The estimation of static parameters from seismic data is a complex, ill-conditioned, nonlinear inverse problem due principally to the limited bandwidth and resolution of the seismic data, to noise, to measurement errors, and to the assumptions underlying to forward models (Tarantola, 2005). Seismic inverse problems may be developed following deterministic or probabilistic approaches and can be divided into two main categories: (1) multiple step inversion methods and (2) stochastic inversion methods (Grana et al., 2012).

In multiple step inversion methods, the problem of estimating reservoir properties from seismic data is split into two or more subproblems; elastic properties are first derived from partial stacked seismic data through elastic inversion; then, reservoir properties are classified by statistical techniques, such as Bayesian classification (Avseth et al., 2001; Mukerji et al., 2001; Buland et al., 2003).

Iterative stochastic inversion methodologies solve the seismic inverse problem using deterministic or stochastic optimization techniques. First, a set of equivalent earth models is simulated using a stochastic algorithm based on prior information usually from available well log data and a spatial continuity pattern (e.g. variogram, training image) to create fine-scale reservoir models (Bosch et al., 2009) . Then suitable rock-physics transforms are applied to generate the corresponding volumes of the elastic properties. Finally, synthetic seismic volumes are computed and compared to real seismic data to evaluate the mismatch. Several optimization methods exist to infer the elastic properties based on the measured traces. González et al. (2008) performed a trace-by-trace deterministic optimization, Bosch et al. (2009) proposed an iterative optimization based on Newton’s method; Markov chain Monte Carlo approach has been used successfully for the stochastic exploration of the model space (Eidsvik et al., 2004; Larsen et al., 2006; Gunning et al., 2007; Rimstad et al., 2010; Ulvmoen et al., 2010; Hansen et al., 2012). Grana et al. (2012) show the efficiency of the probability perturbation method (Caers et al., 2006) to estimate fine-scale reservoir models in a stochastic inversion. A multidimensional scaling technique was successfully applied by Azevedo et al. (2013) to asses how the parameter model space is explored by global elastic inversion algorithm.
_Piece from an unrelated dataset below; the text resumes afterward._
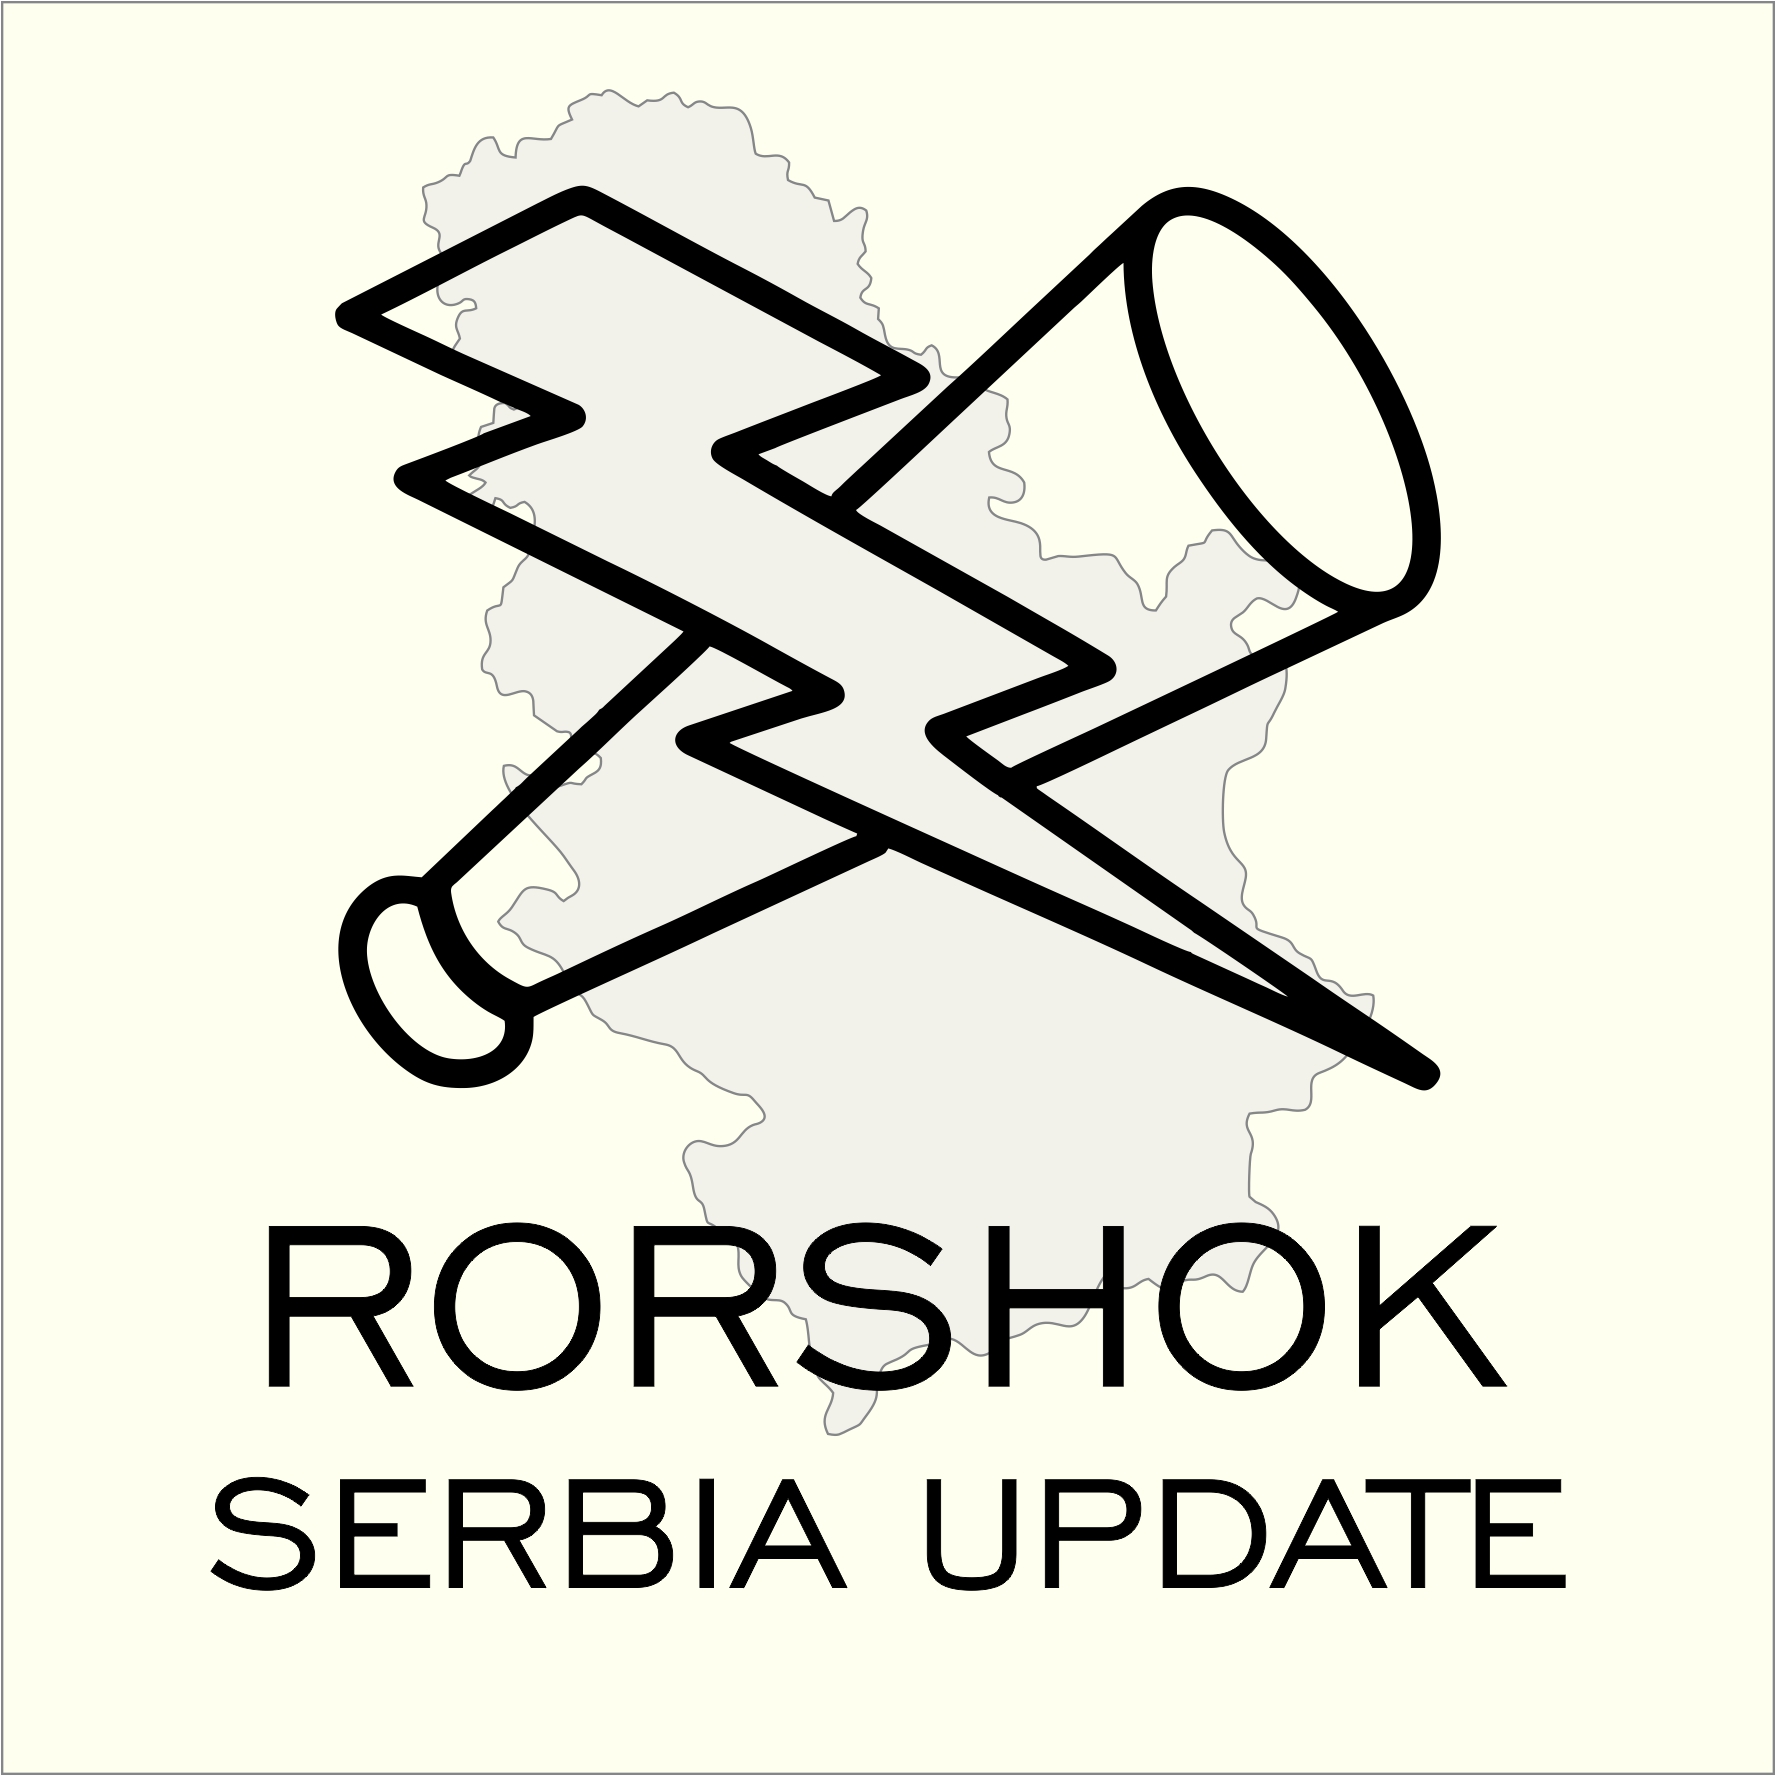 Artwork for podcast Rorshok Serbia Update

In addition to the static information and in order to evaluate the performance of the reservoir in terms of CO_2 storage, reservoirs models need to be constrained by dynamic data obtained from the CO_2 injection operations. To be meaningful, reservoir models must match the observed dynamic behavior of the reservoir within some interval of tolerance. History matching is also an ill-posed problem and can be solved using the same algorithms as the one used for estimating the static properties, but then involving the injection data and forward fluid flow modeling.
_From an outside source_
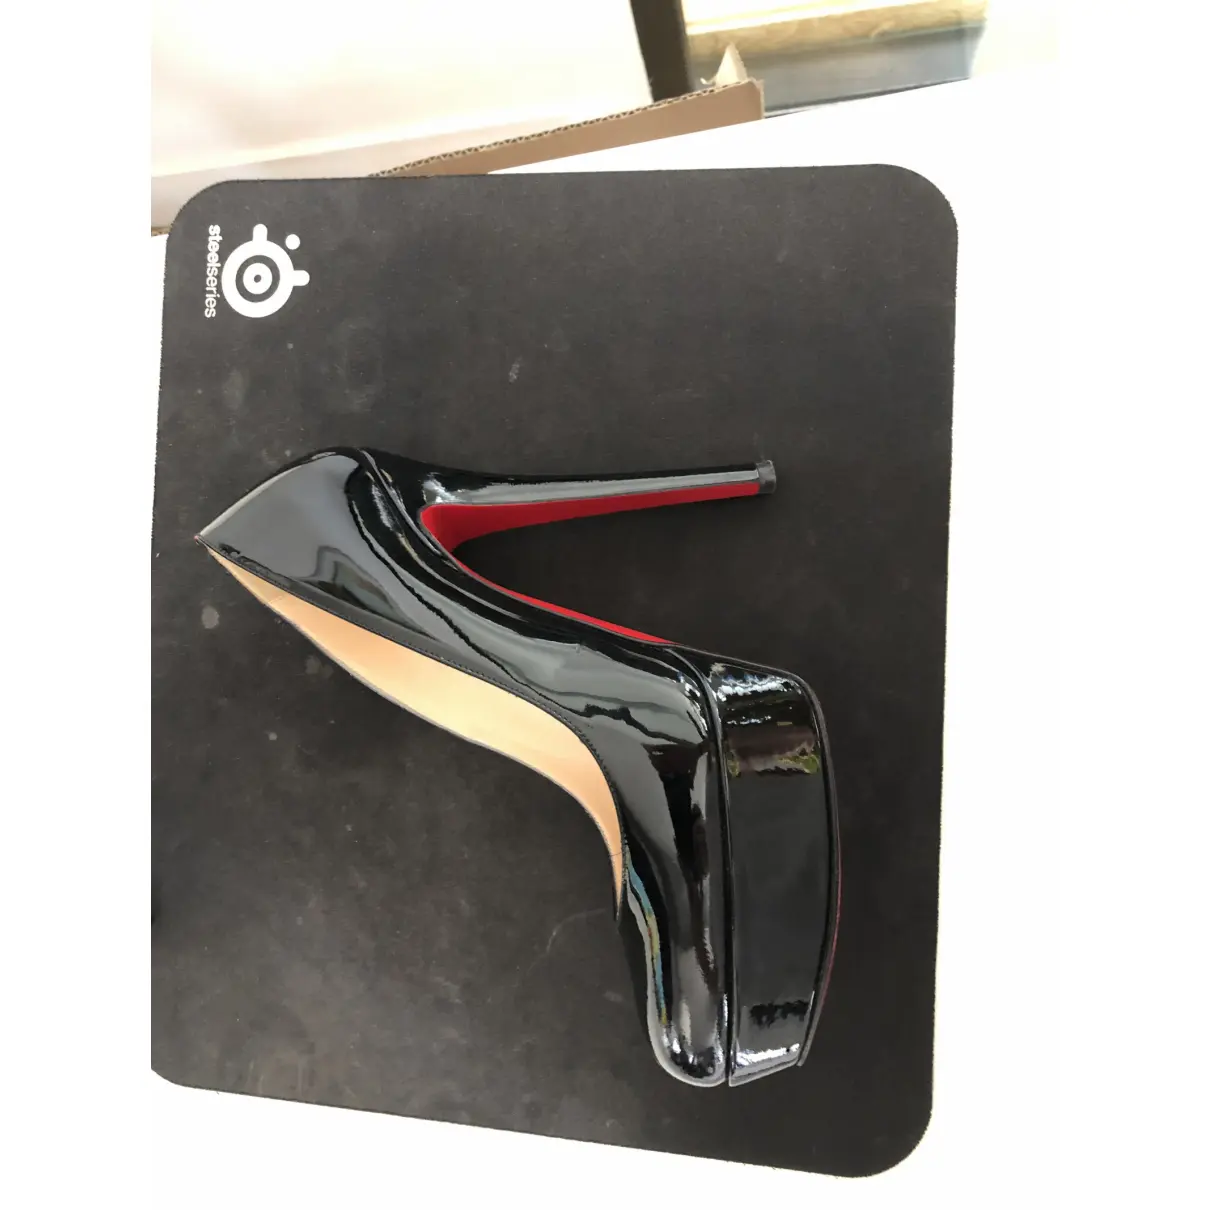 Bianca patent leather heels Christian Louboutin

In this paper we propose a stochastic inversion workflow using a modified gradual deformation parametrization method (Roggero et al., 1998) as a stochastic optimization technique that integrates geophysical and geological logs, seismic reflection data and CO_2 flow simulations in order to analyze and monitor the CO_2 injection and its propagation within a saline aquifer. This paper is organized as follows. In the first section, we focus on each step of the seismic inversion algorithm. The second section presents an the application of the approach to characterize a synthetic reservoir for the CO_2 injection in the St. Lawrence Lowlands, Quebec, Canada.